■ **WORK INSTRUCTION**
Please copy the lines below, exactly as they are, from the one with "Кайлаш Дживан. Мазь-бальзам." through the one with "Denim Baby Blue", and leave out the pictures.

──────── RECORDS TO USE

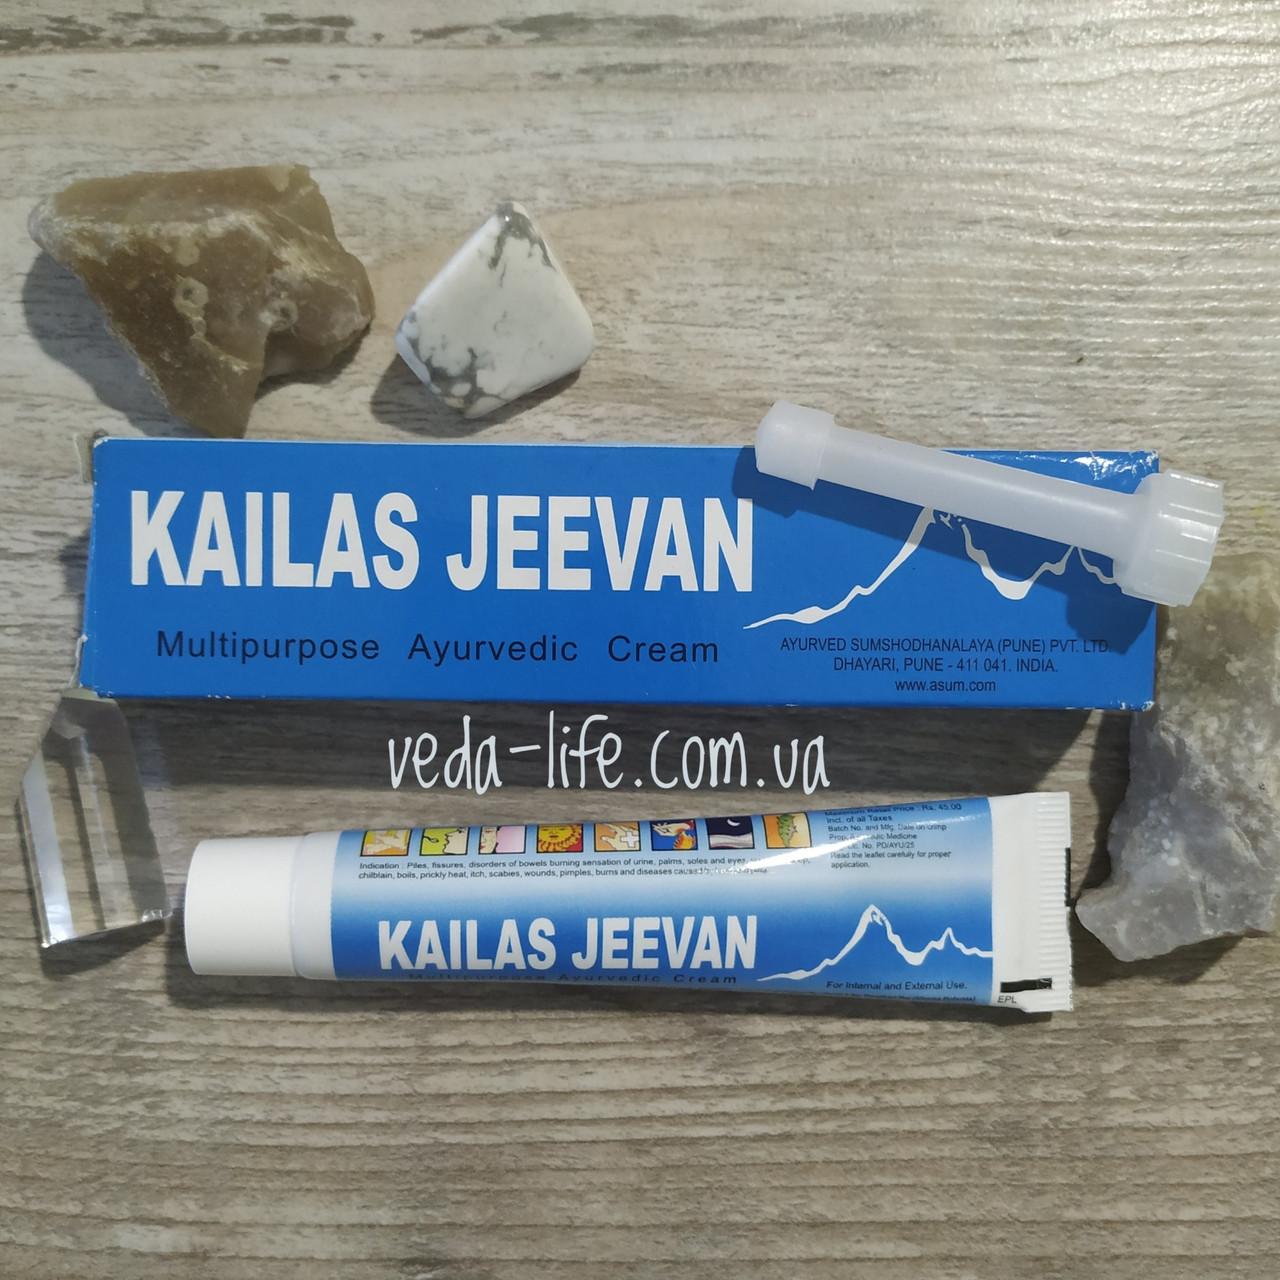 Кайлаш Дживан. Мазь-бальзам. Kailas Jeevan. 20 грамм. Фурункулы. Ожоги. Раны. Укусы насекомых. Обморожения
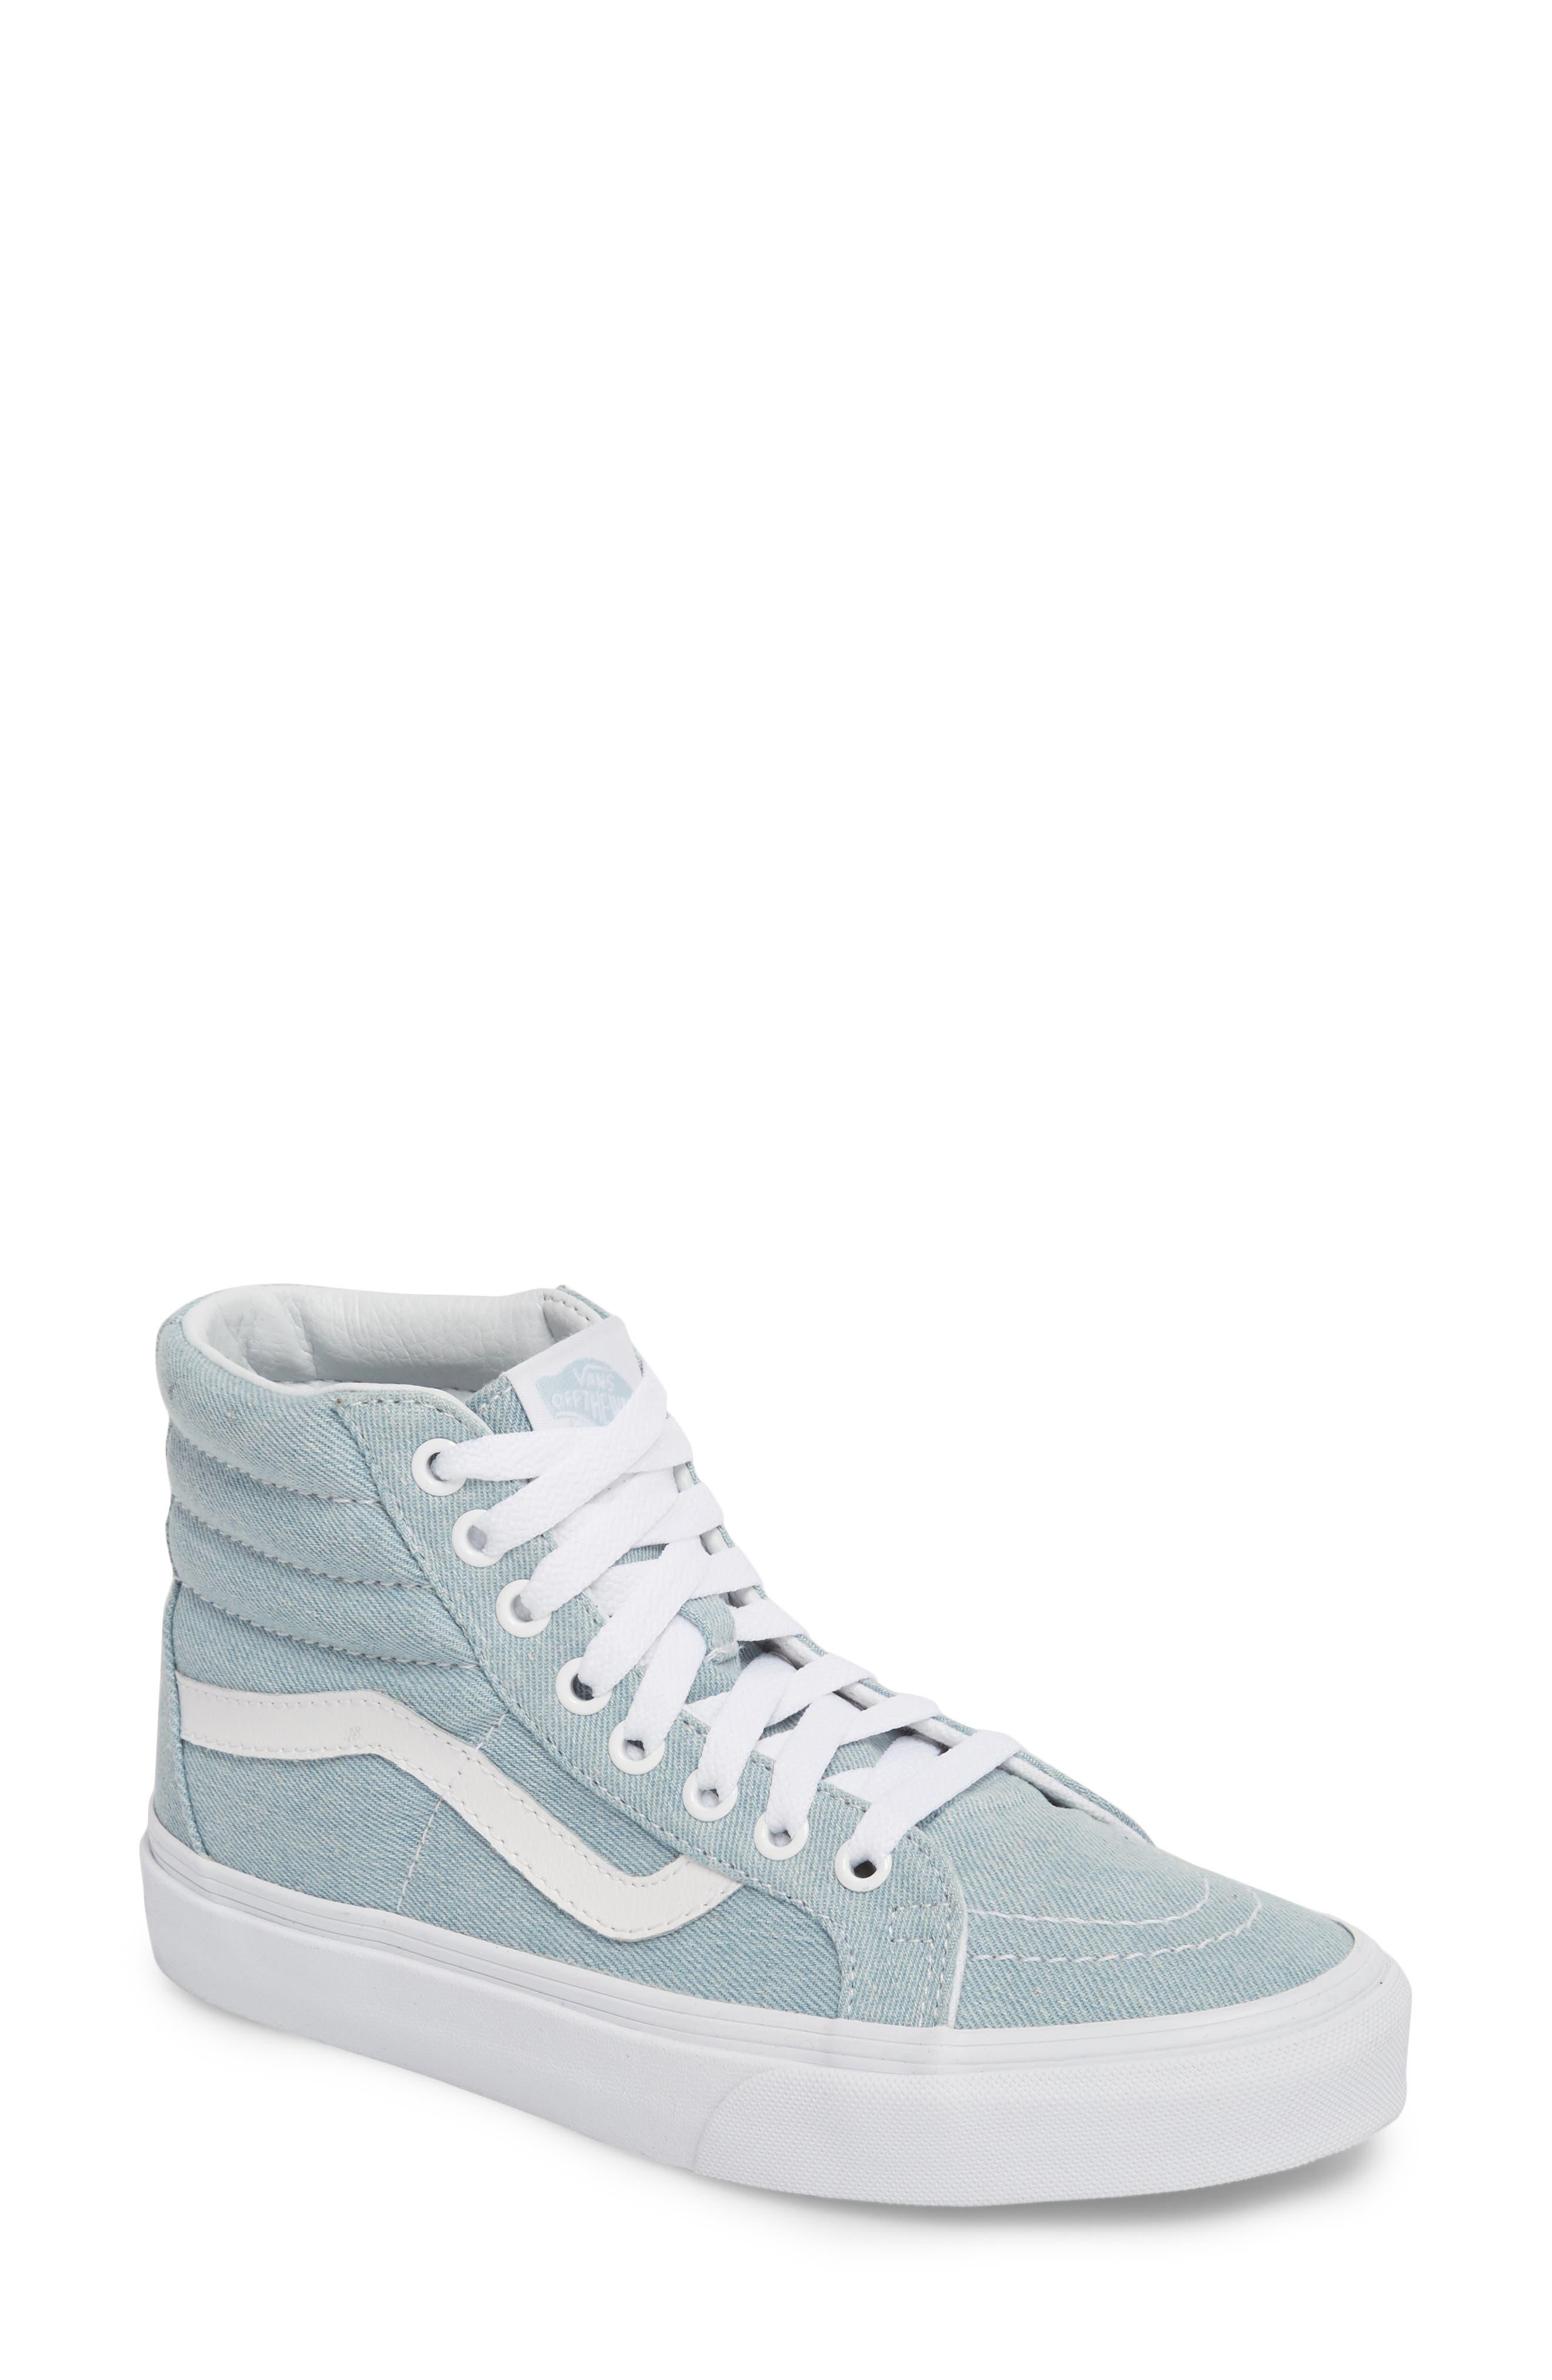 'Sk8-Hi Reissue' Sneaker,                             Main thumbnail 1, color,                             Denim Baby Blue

────────────────
──────── RECORDS TO USE

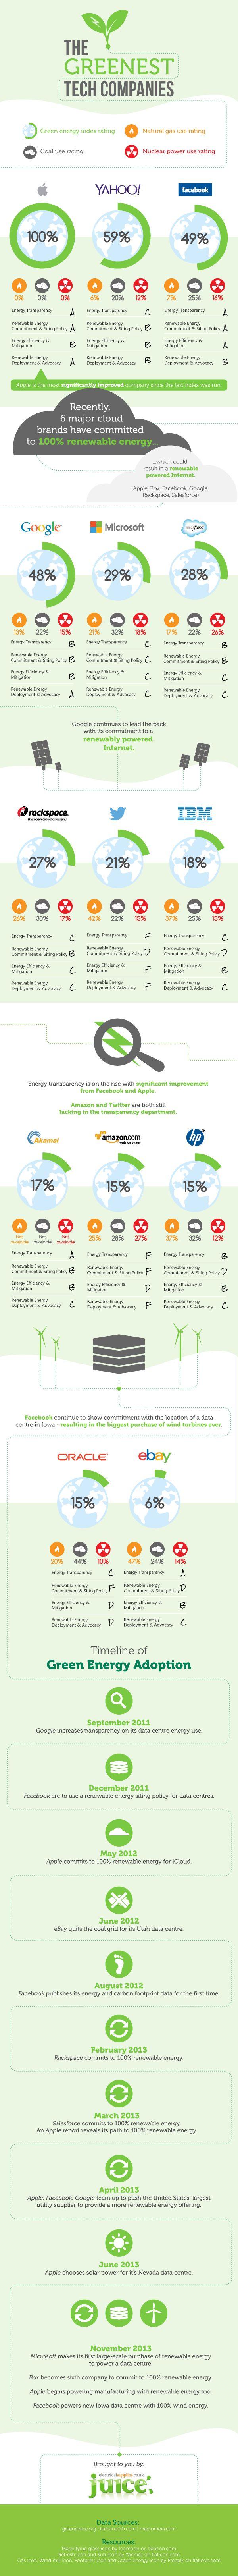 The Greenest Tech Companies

────────────────

■ **YOUR RESPONSE**
 Кайлаш Дживан. Мазь-бальзам. Kailas Jeevan. 20 грамм. Фурункулы. Ожоги. Раны. Укусы насекомых. Обморожения
 'Sk8-Hi Reissue' Sneaker,                             Main thumbnail 1, color,                             Denim Baby Blue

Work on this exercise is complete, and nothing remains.